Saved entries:
========================

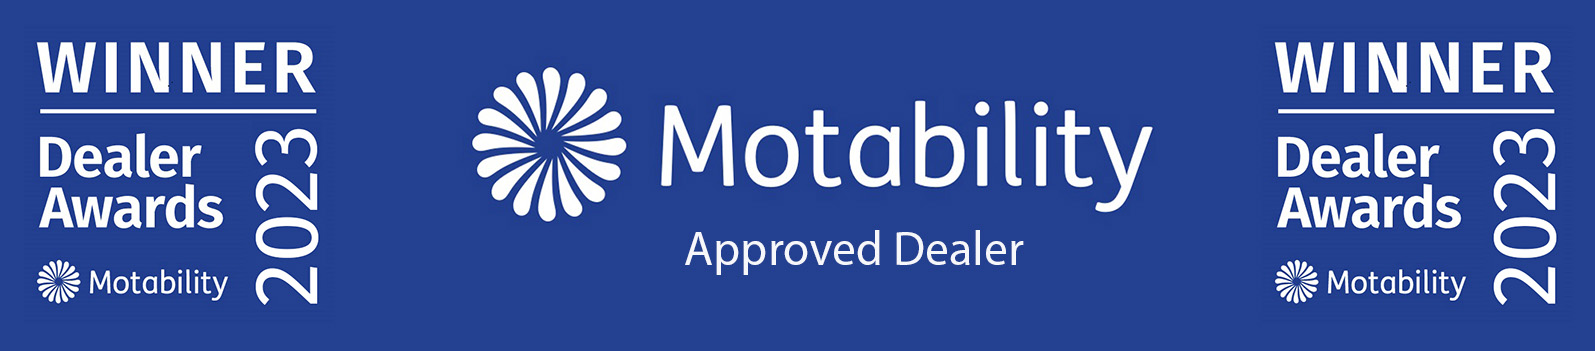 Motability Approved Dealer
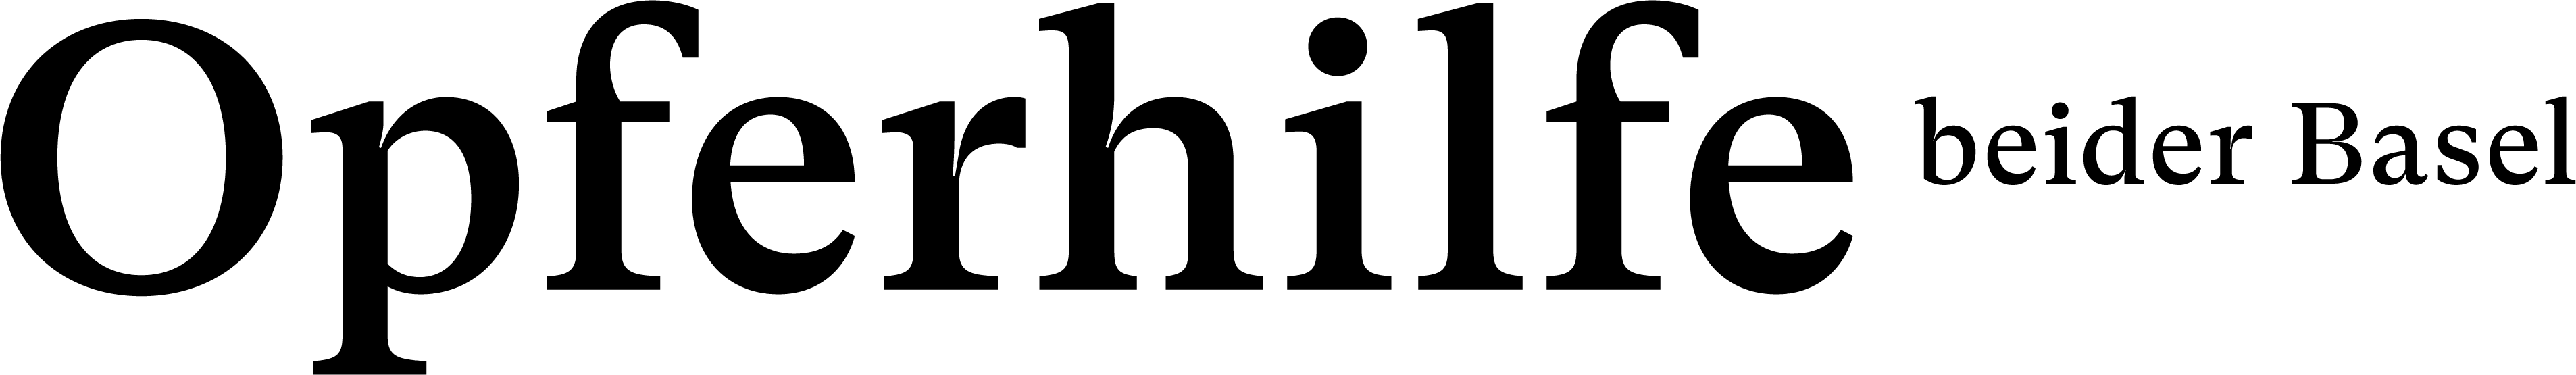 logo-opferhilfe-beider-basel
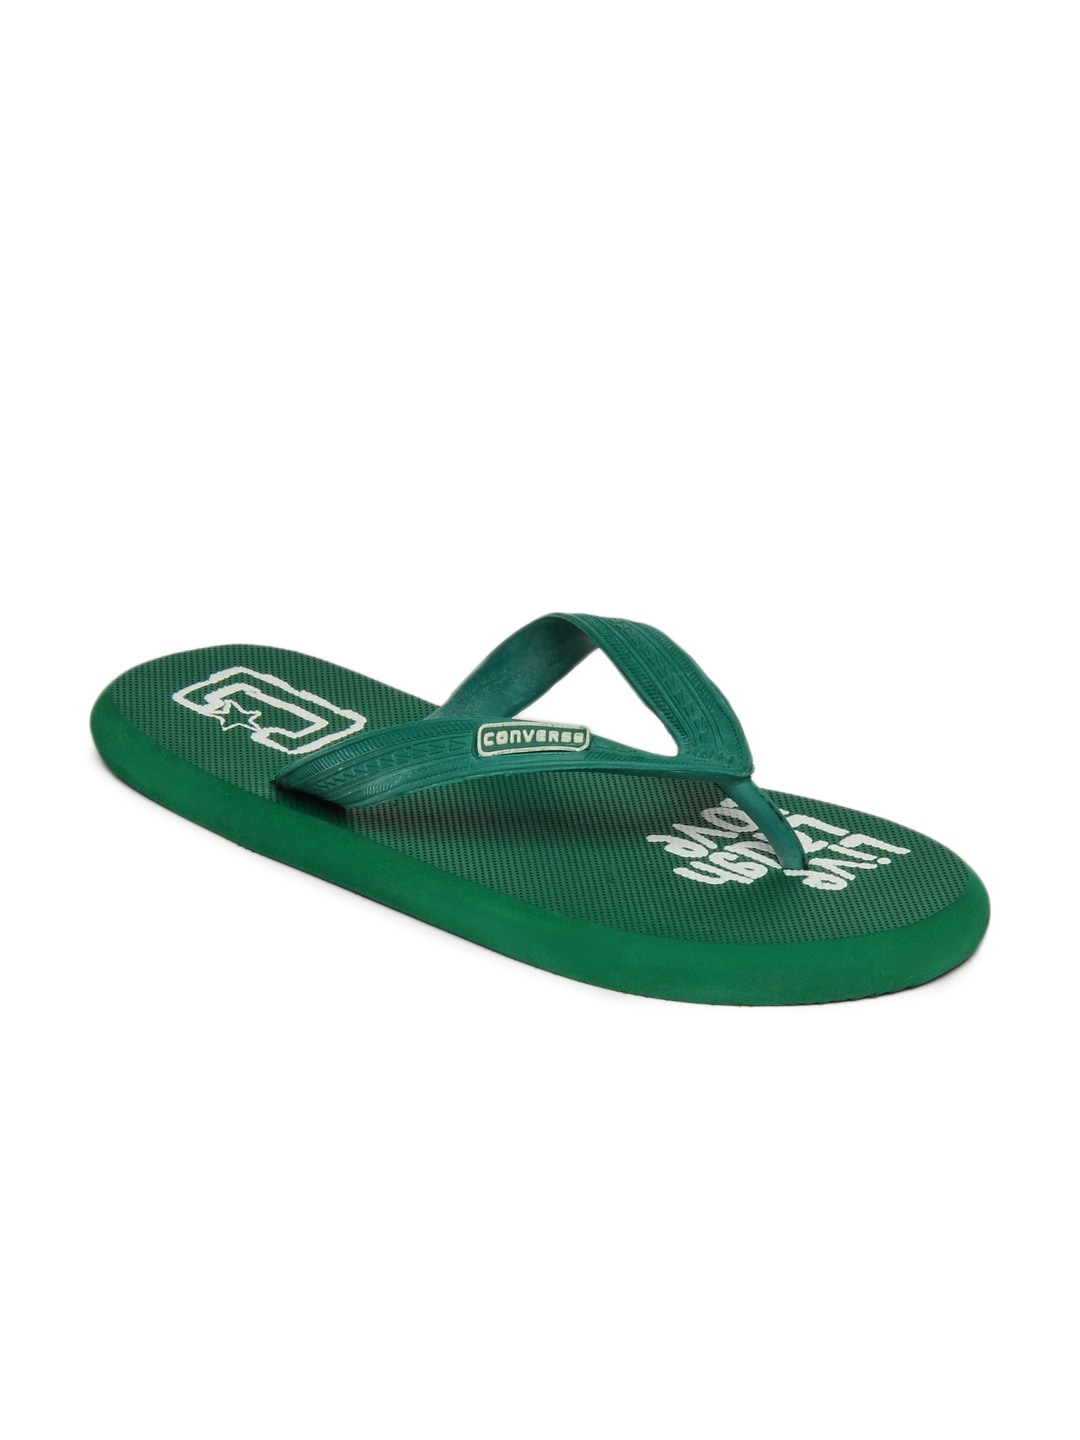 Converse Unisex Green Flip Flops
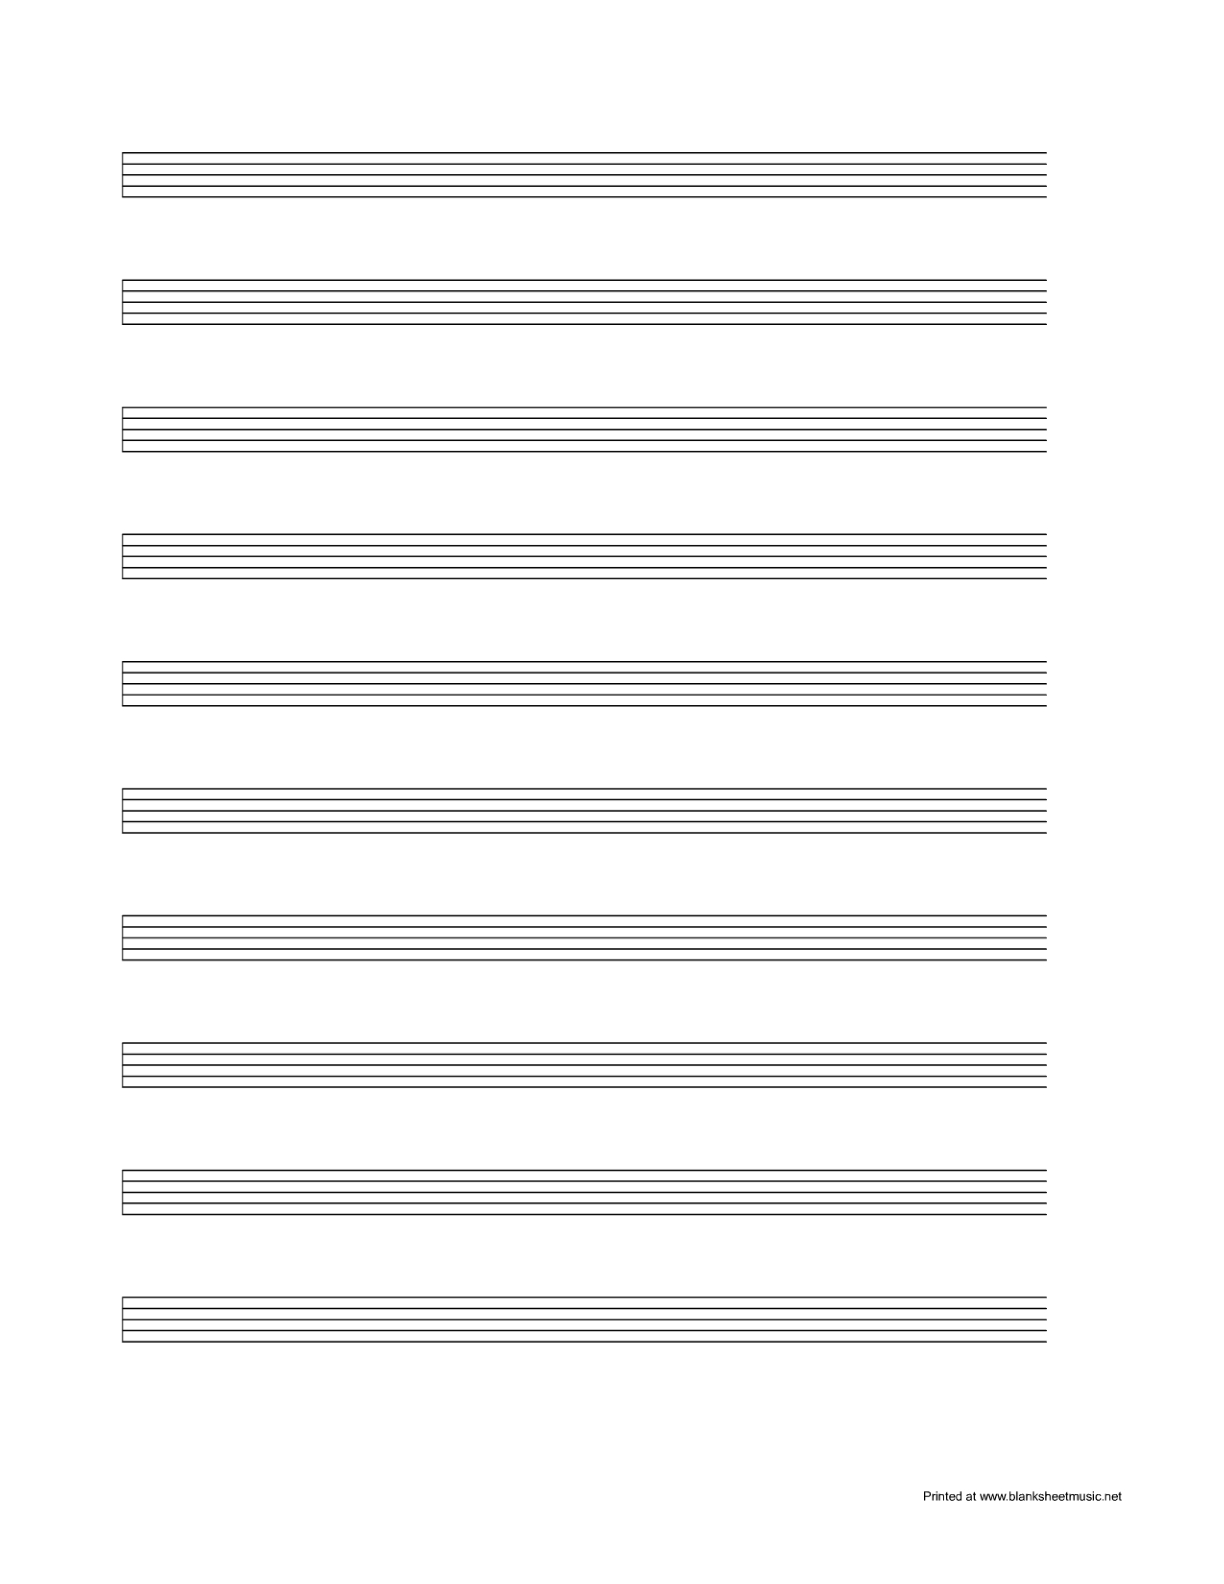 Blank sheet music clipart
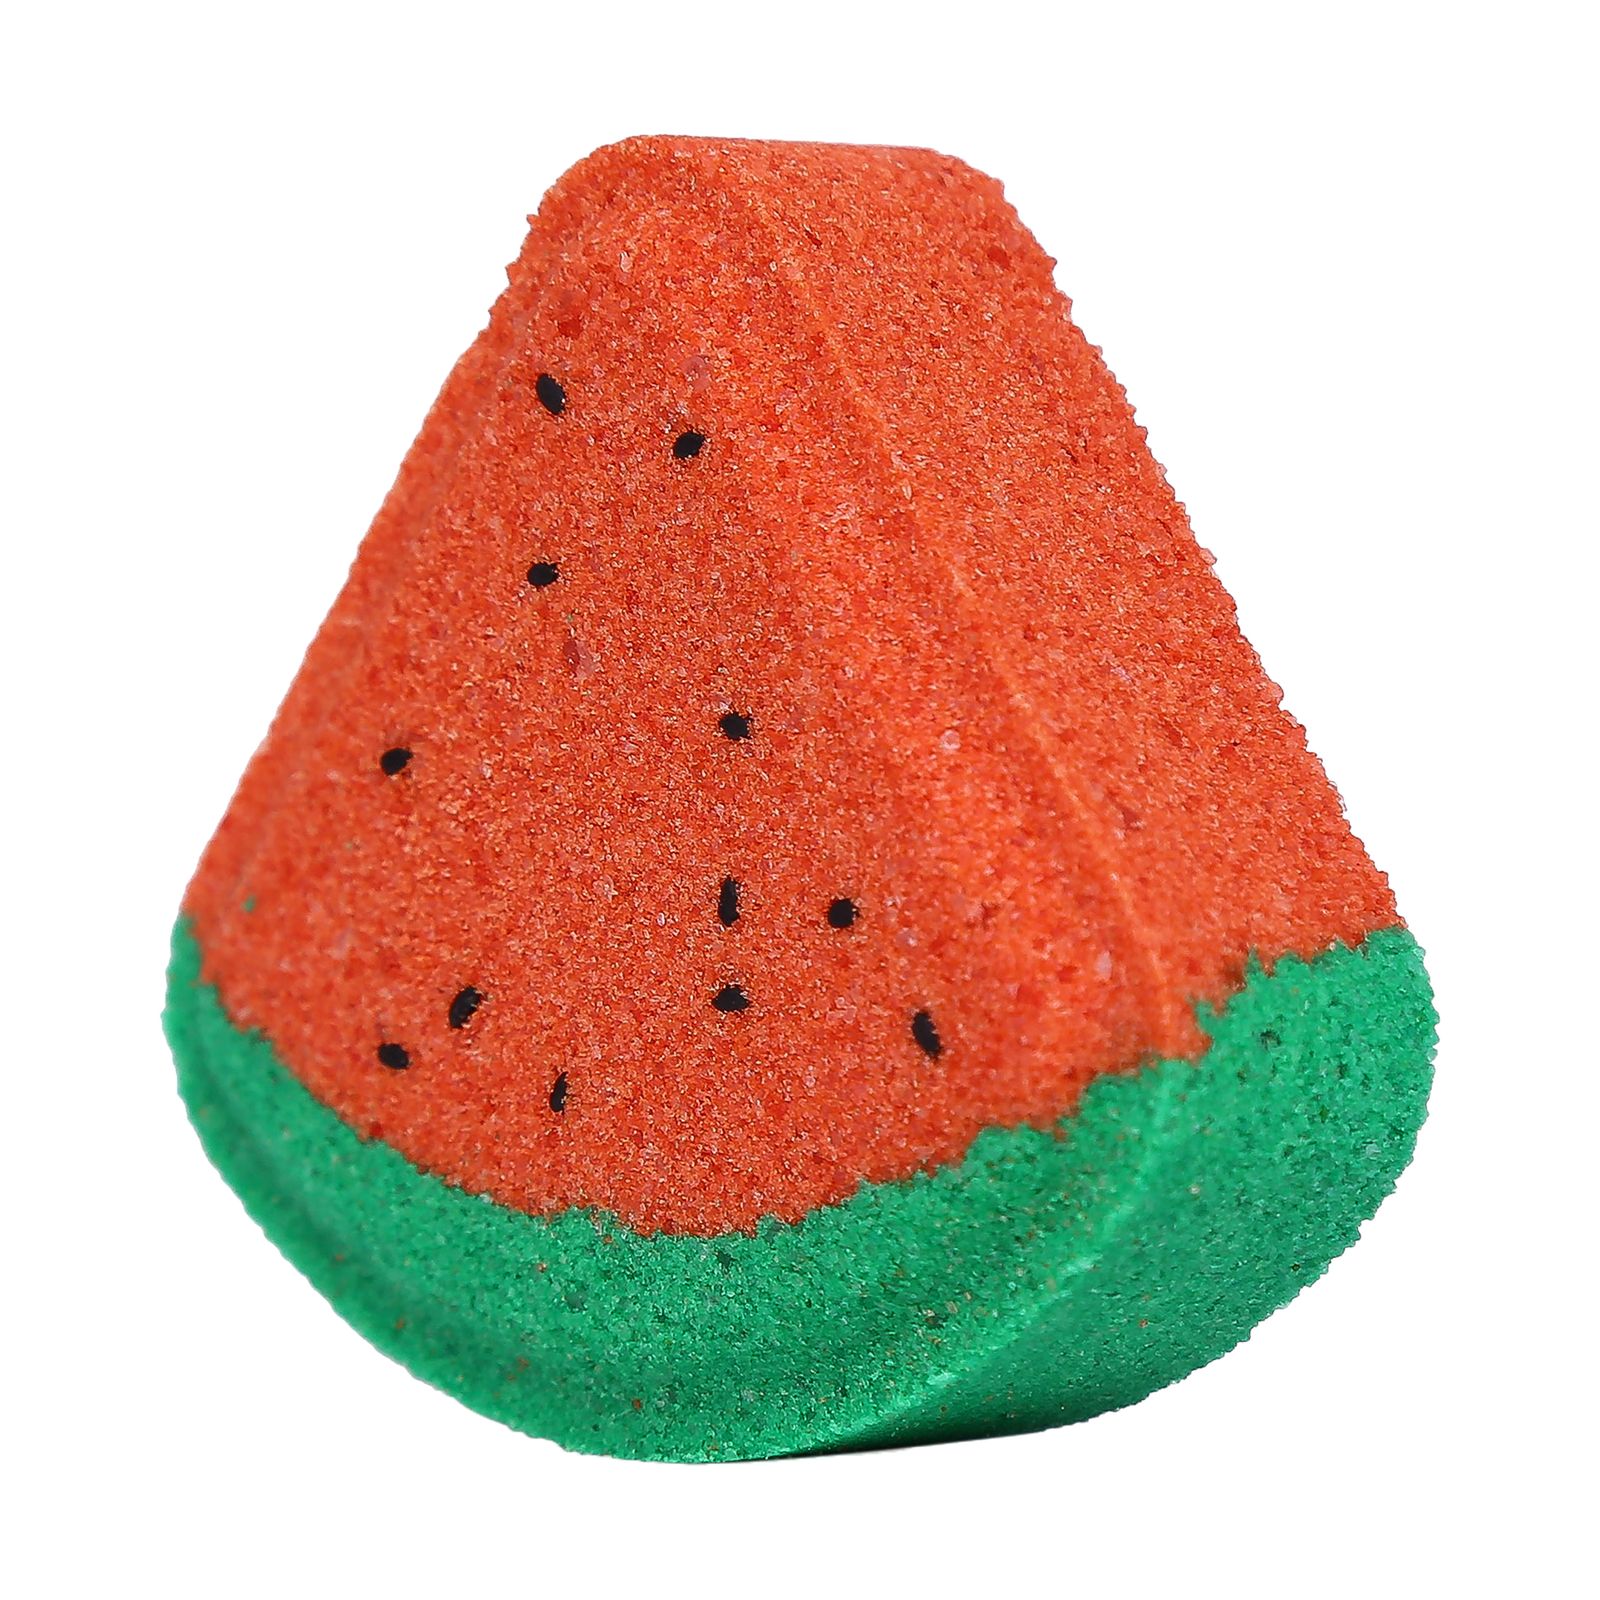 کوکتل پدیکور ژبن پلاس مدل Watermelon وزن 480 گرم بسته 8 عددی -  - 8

========================

Exercise prompt:
Verbatim copy, images excluded: transcribe all the entries above.

Answer for the task:
 Motability Approved Dealer
 logo-opferhilfe-beider-basel
 Converse Unisex Green Flip Flops
 Blank sheet music clipart
 کوکتل پدیکور ژبن پلاس مدل Watermelon وزن 480 گرم بسته 8 عددی -  - 8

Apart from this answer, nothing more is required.